Precious gets through her hellish existence via the fantasy sequence, which is pretty much standard for all victims of rape and frying pans to the skull. Every time things get bad, she retreats to a glamorous world of high fashion, paparazzi, and red carpets. At times, when life is at its worst, she’ll become part of a movie, as when she “walks” into the Sophia Loren vehicle Two Women. Or when she has visions of the tank man in Tiananmen Square on a classroom wall, even though the event is two years in the future, meaning that clairvoyance is apparently a byproduct of anal. There’s much to loathe here, but these scenes are especially inept, given how awkwardly they are meant to break the mood. Nervous laughter tittered throughout the theater, but I was simply aghast at how absurdly unnecessary they were, both at conveying Precious’ inner life and furthering the story. Surely Hollywood has moved beyond these cloying devices as a means to express a character’s desire to escape. In Precious, they’re treated as a revelation.

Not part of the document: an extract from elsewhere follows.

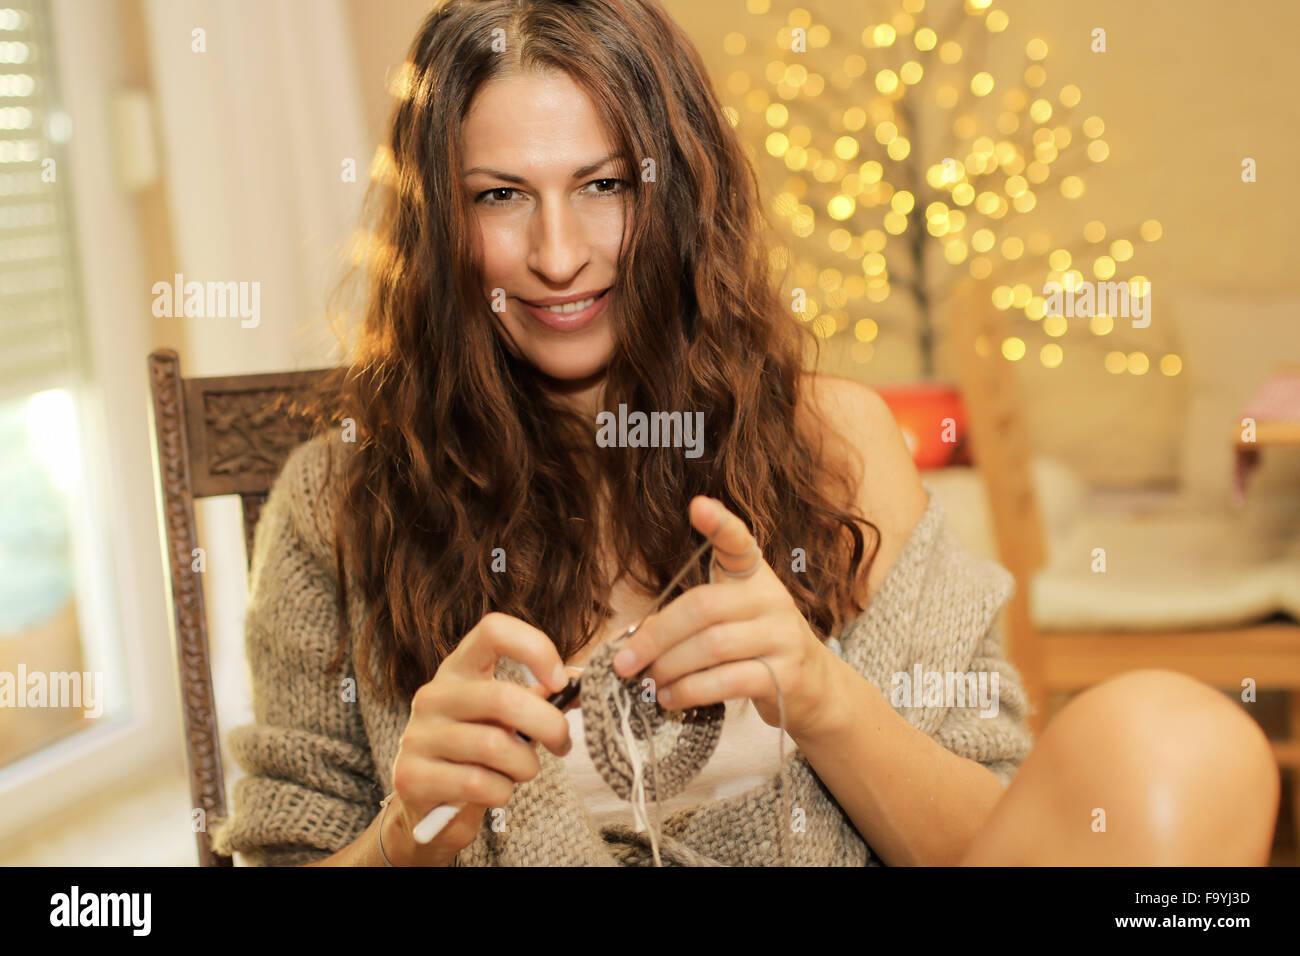 La donna in una sedia a dondolo, uncinetto e sorridente sul dicembre 08, 2015 a Monaco di Baviera, Germania. Modello Foto Stock
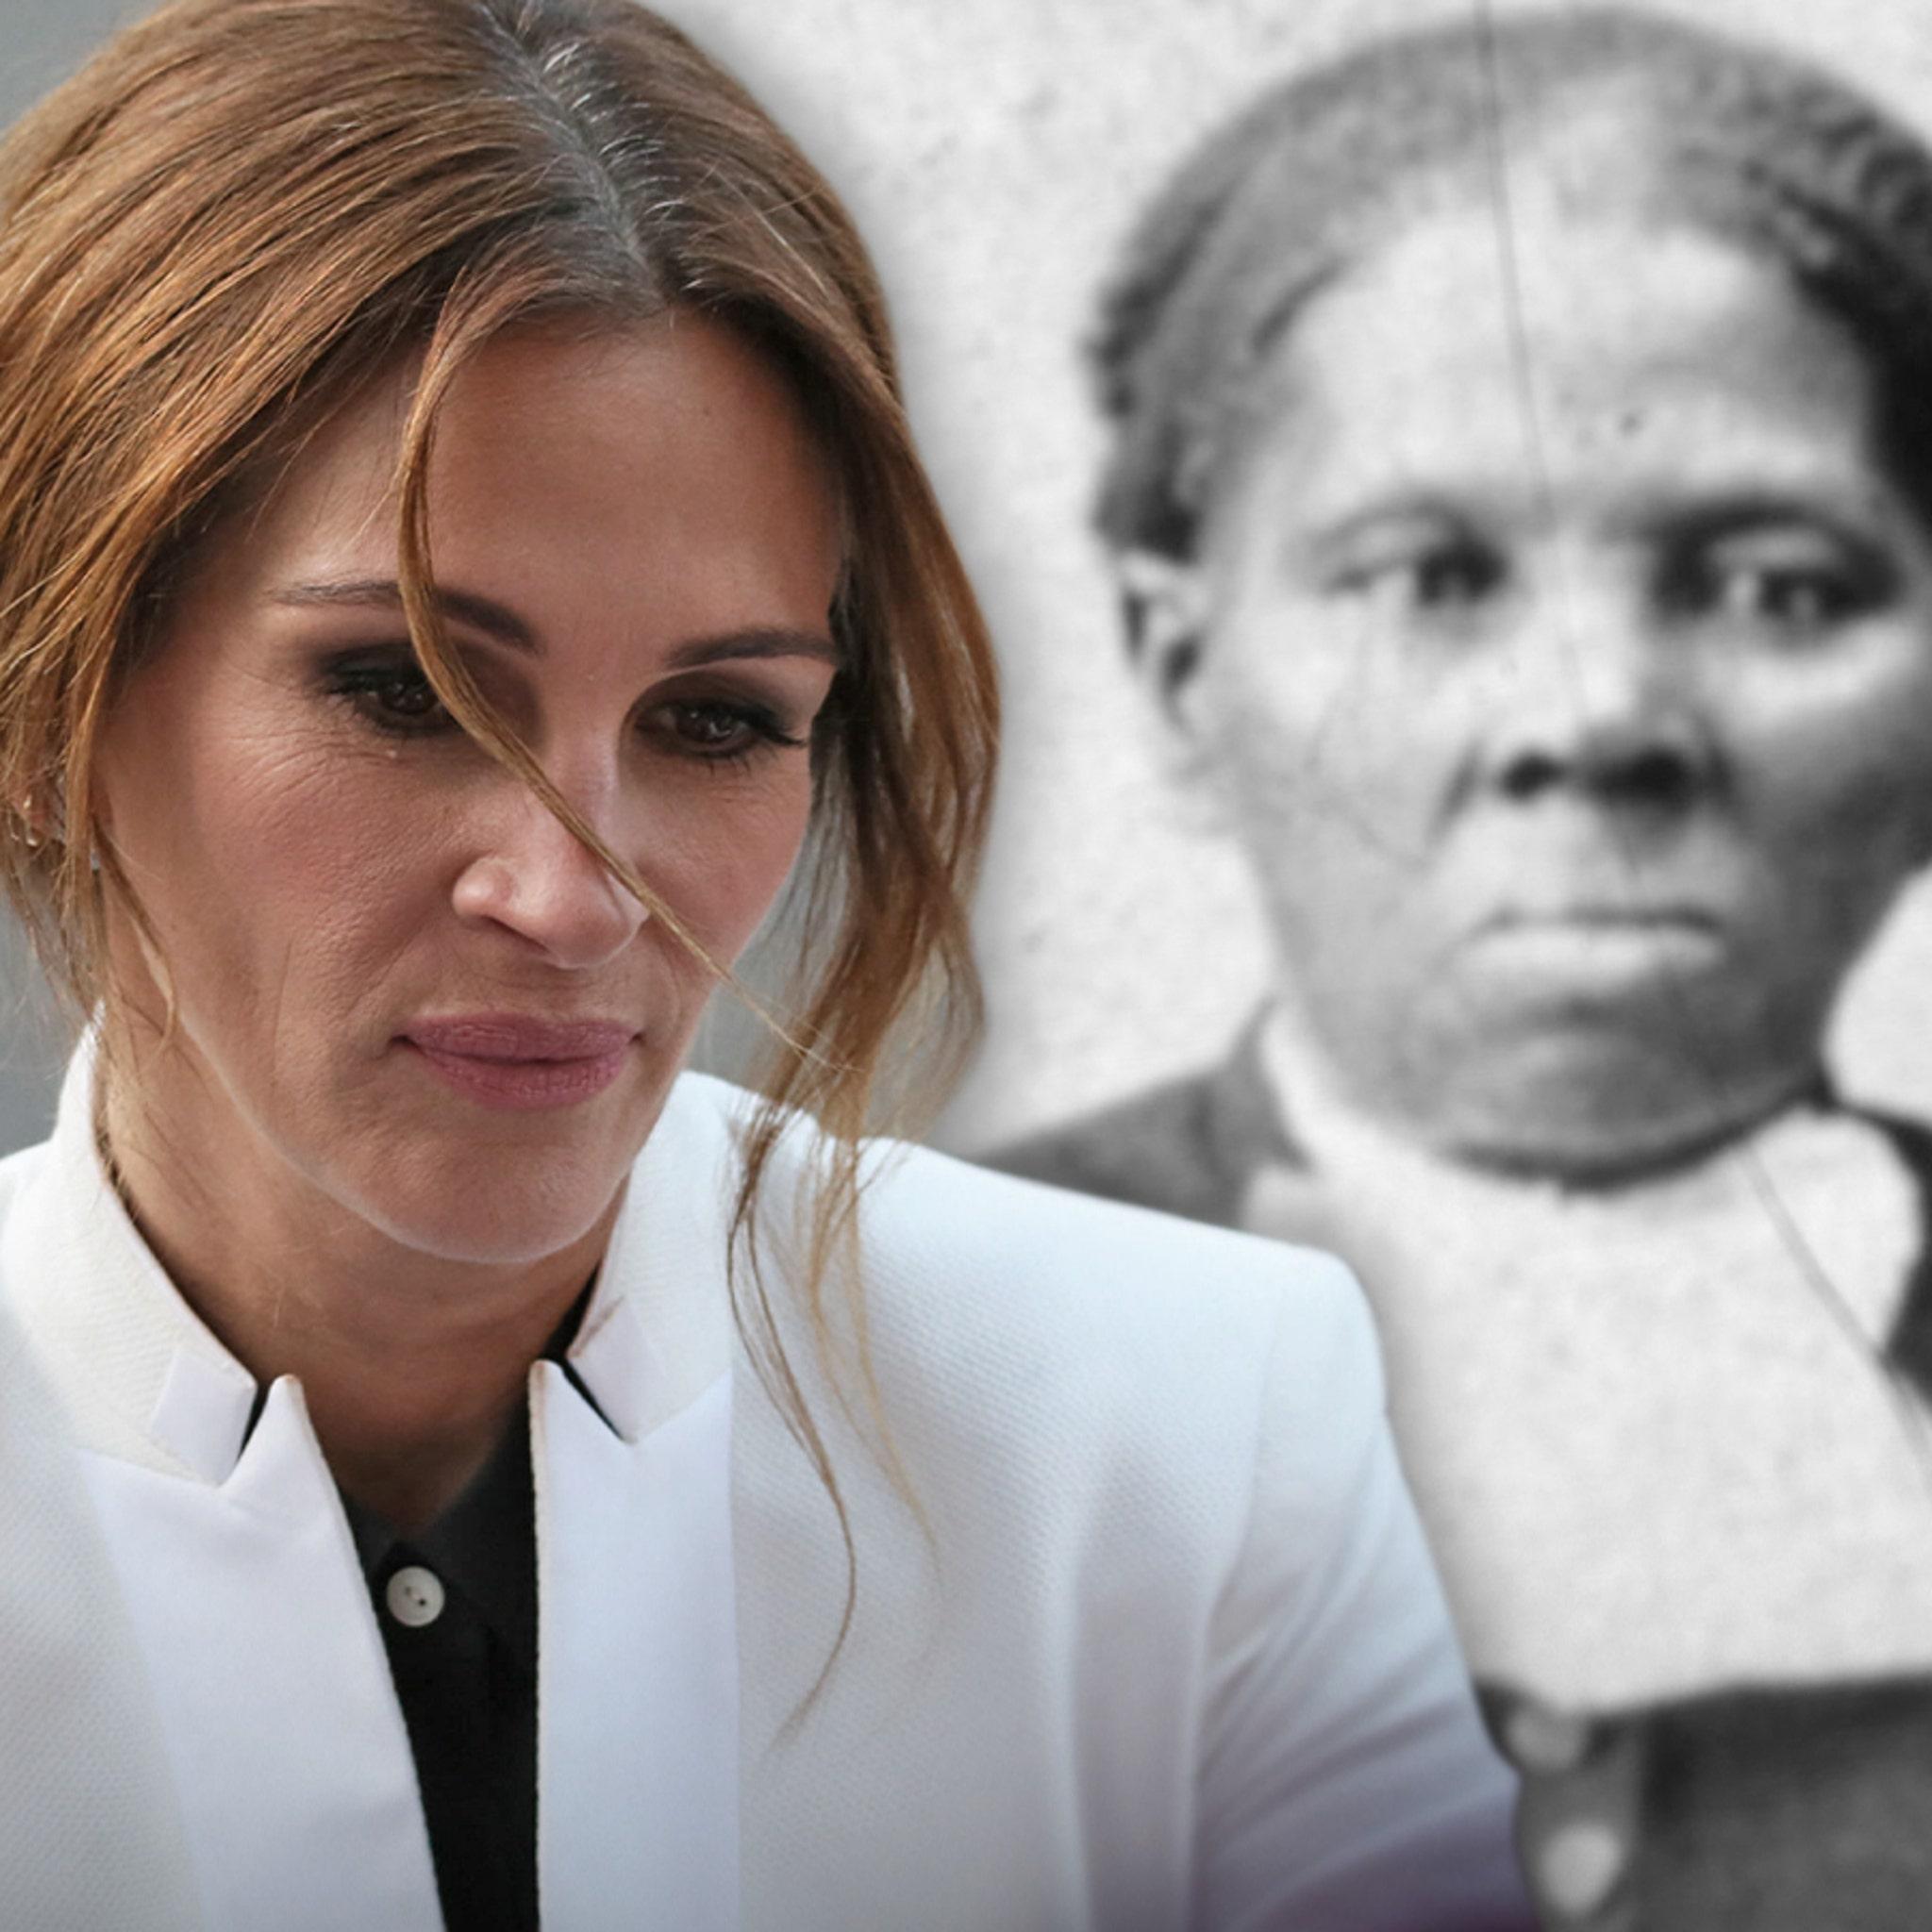 Julia Roberts Should've Played Harriet Tubman According to One Studio Exec

There will be the expected calls for Gabby Sidibe to collect her prizes for her performance as the much put-upon Precious, but sitting around looking sweaty and sad should not be enough to turn heads. We’re told she’s a good girl waiting to bust out, and that she has sweetness in her soul, but such traits are never fully expressed by an actress looking more lost than forlorn. Thankfully, she never challenges credibility with an unexpected burst of articulate rage, but she pretty much lumbers along from scene to scene; functional, but not heart-rending. She’s asked to carry the weight of a thousand symbolic gestures, when it’s all she can do to keep her eyes open. One is sorry for her, but what can be done? Or maybe it’s the fact that once again, a cinematic Job is told to push on solely because she’s loved by her baby boy. In all, it’s an exercise in voyeuristic disgust, rubbing our noses in stereotype and racial ugliness, yet damning us for not gnashing our teeth in outrage. It wants to have it both ways, and ends up with neither.